About a decade ago, I wrote an article on interaction terms. In it, I tried to clear up some common misperceptions about how interaction terms can and should be used in regression (logit, probit, etc.) equations. A fair number of people seem to have heeded most of the advice in the article, but in retrospect I realize that I should have put a much greater emphasis on one very important topic: incomplete or overlapping sets of variables in interaction terms.

Political scientists (and, as far as I can tell, uniquely political scientists) have created and sustained the illusion that we can pick and choose which variables to interact in our statistical models without concern for omitted variable bias. Do you want to understand the impact of being a left-handed Latino Republican on how much the respondent likes the President? Multiply left-handed by Latino by Republican and include that in your regression. Don’t worry about including a variable for left-handed Republican, or left-handed Latino, or even left-handed, because they’re not part of your theory. By the same logic (the thinking goes), if you have a theory about left-handed Latinos and left-handed Republicans, go ahead and put those two interactions in there without including left-handed Latino Republicans, because they’re not a part of your theory.

Boo, political scientists. Booooooooo.

The short version is this: When creating interaction terms, always include every possible lower- and higher-order term in your model. If you’re interacting x₁, x₂, and x₃, include x₁x₂, x₁x₃, x₂x₃, x₁, x₂, and x₃ in the equation. If you’re interacting x₁ and x₂ and, in the same equation, interacting x₁ and x₃, do the same thing—include everything all the way up to x₁x₂x₃.

Why?

Think of a coefficient as reflecting some difference between the category you’re interested in and an excluded category. In the example above, the coefficient on left-handed x Latino x Republican reflects the difference between left-handed Latino Republicans and other people.

The key point is… who are these other people?

Obviously, the excluded category includes right-handed Black Democrats. Not so obviously, it includes left-handed people who either aren’t Latinos or aren’t Republicans or both. It includes Republicans who either aren’t left-handed or aren’t Latinos or both. It includes Latinos who either aren’t left-handed or aren’t Republicans or both.

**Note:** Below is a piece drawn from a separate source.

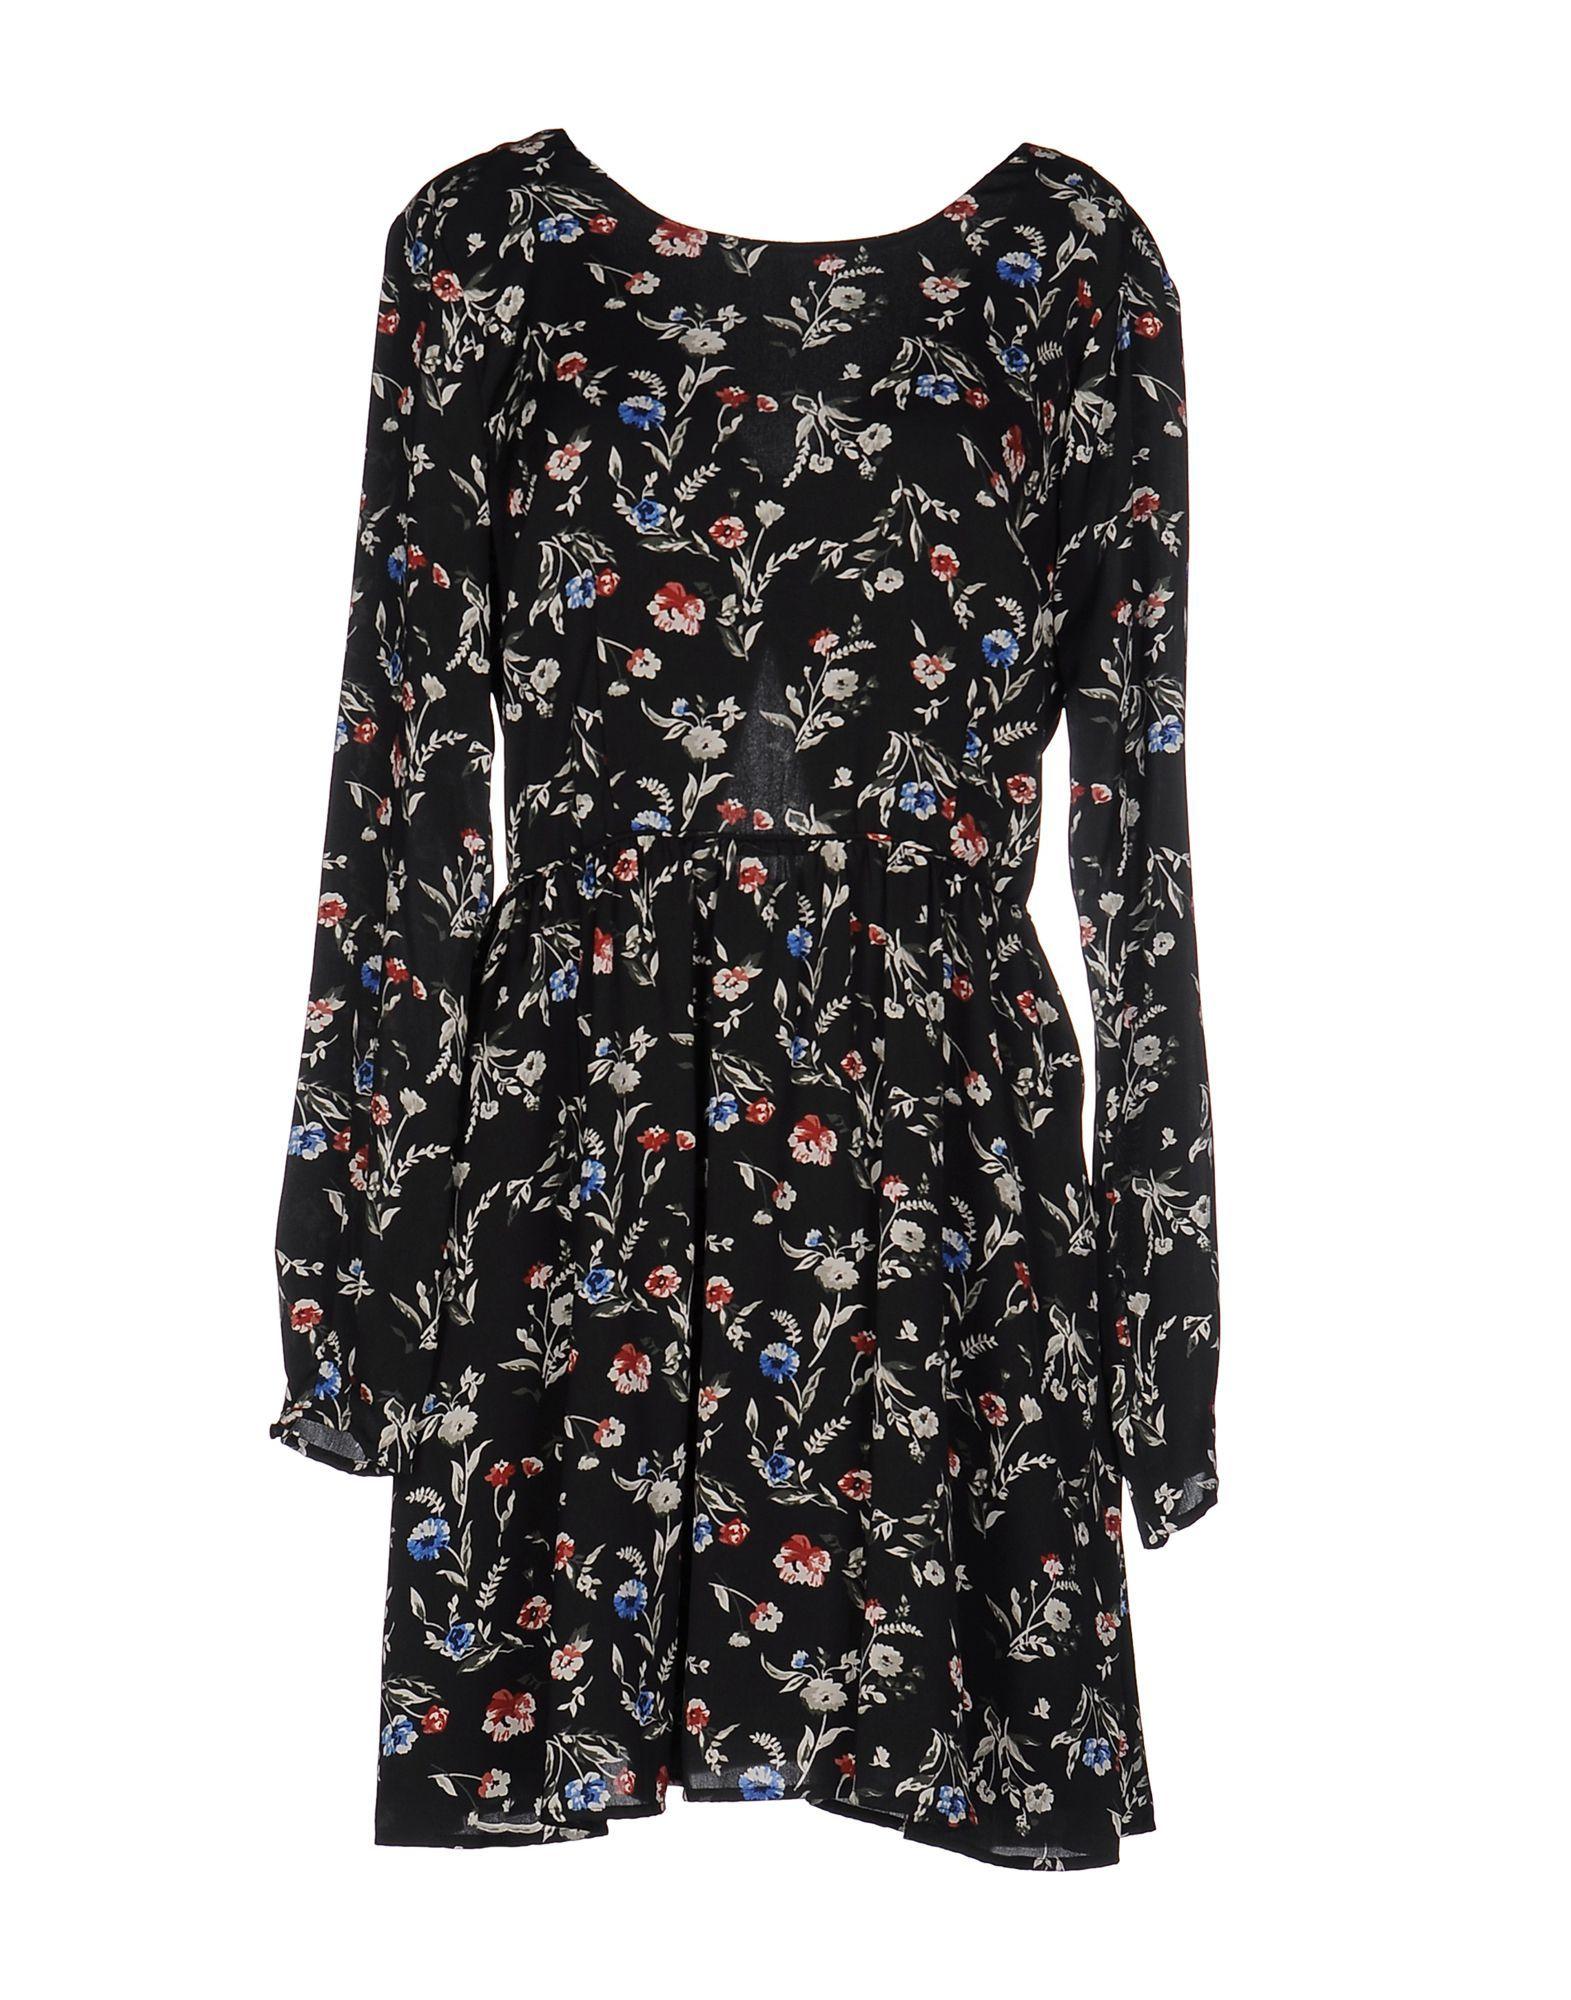 Pepe Jeans Black Print Long Sleeve Dress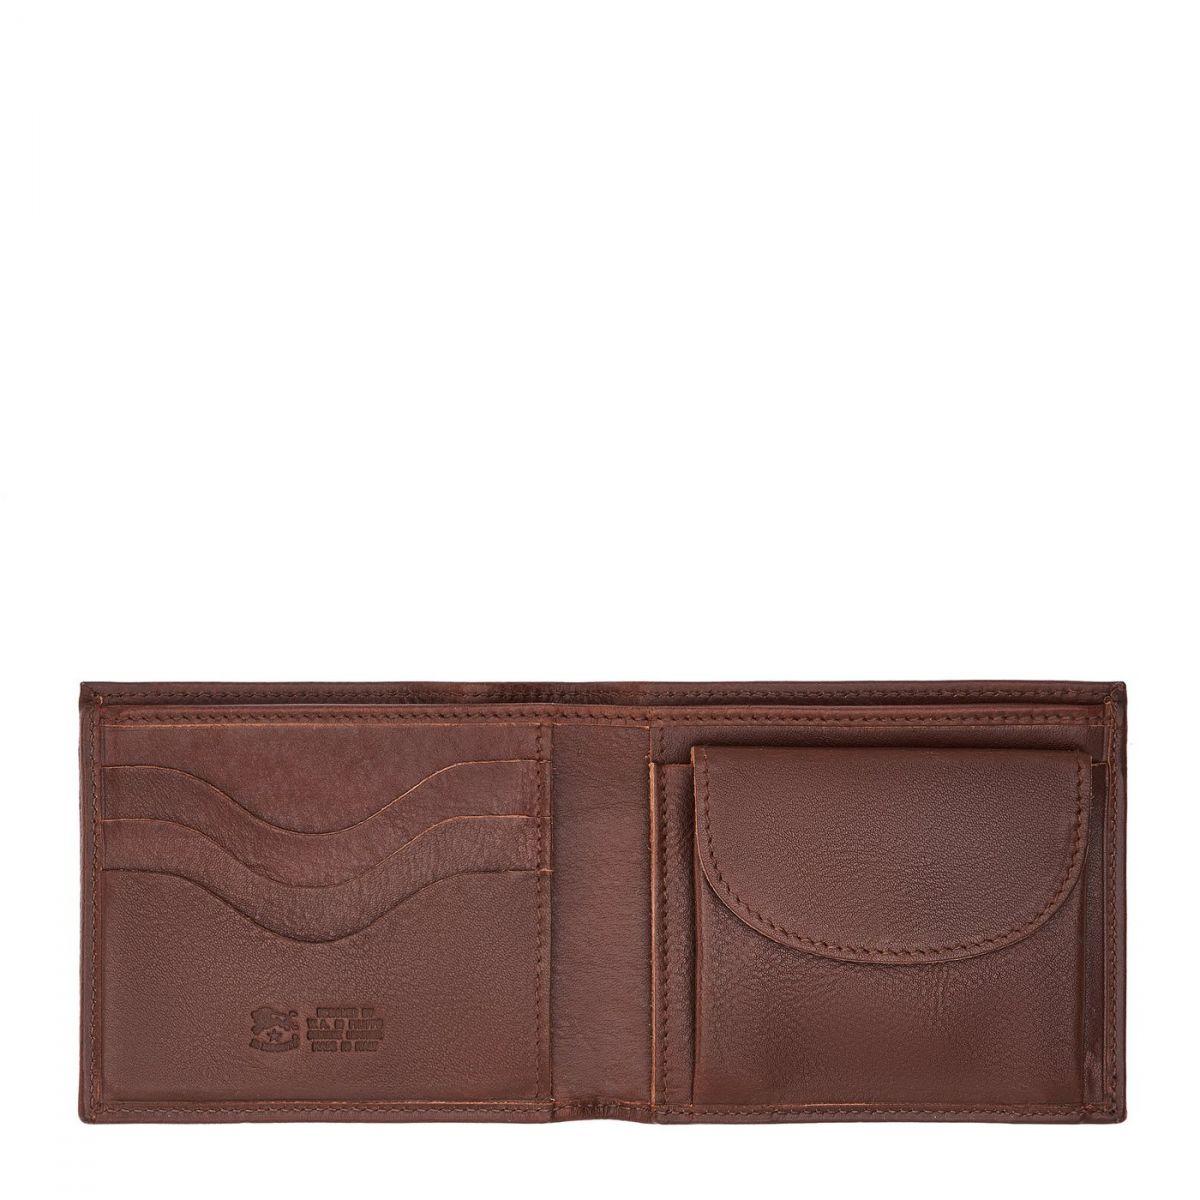 Men's Bi-Fold Wallet  in Cowhide Double Leather SBW023 color Brown | Details

In short, your excluded category is a mess.

“Fine, fine,” you say, “But obviously, the coefficient on left-handed Latino Republican still estimates the effect of being a left-handed Latino Republican, right?”

No, it doesn’t. Because you haven’t controlled for just being a Republican. Or being a left-handed Republican. And so on. And the absence of those controls can produce misleading inferences.

Let’s imagine that Republicans really dislike the President but Latino identity, handedness, and all combinations of the three are irrelevant. You could very well get a significant coefficient—a false positive—on your variable just because left-handed Latino Republicans are more Republican.

Alternately, let’s imagine that left-handed Latino Republicanness really does change people’s attitudes about the President, but that on their own, Republican-ness pulls in one direction, left-handedness pulls in another, and Latino-ness doesn’t matter. You could very well end up with a null result—a false negative—just because your excluded category is so heterogeneous.

So, no. Your excluded category is such a friggin’ nightmare that your coefficient and significance level tell you precisely nothing about the quantity that you’re trying to estimate.

Let that sink in for a moment. Precisely nothing.

So next time you’re reading a journal or watching a presentation at a conference, keep an eye peeled for omitted terms in interactions. You’ll be surprised at how many of the results out there really don’t tell you anything at all.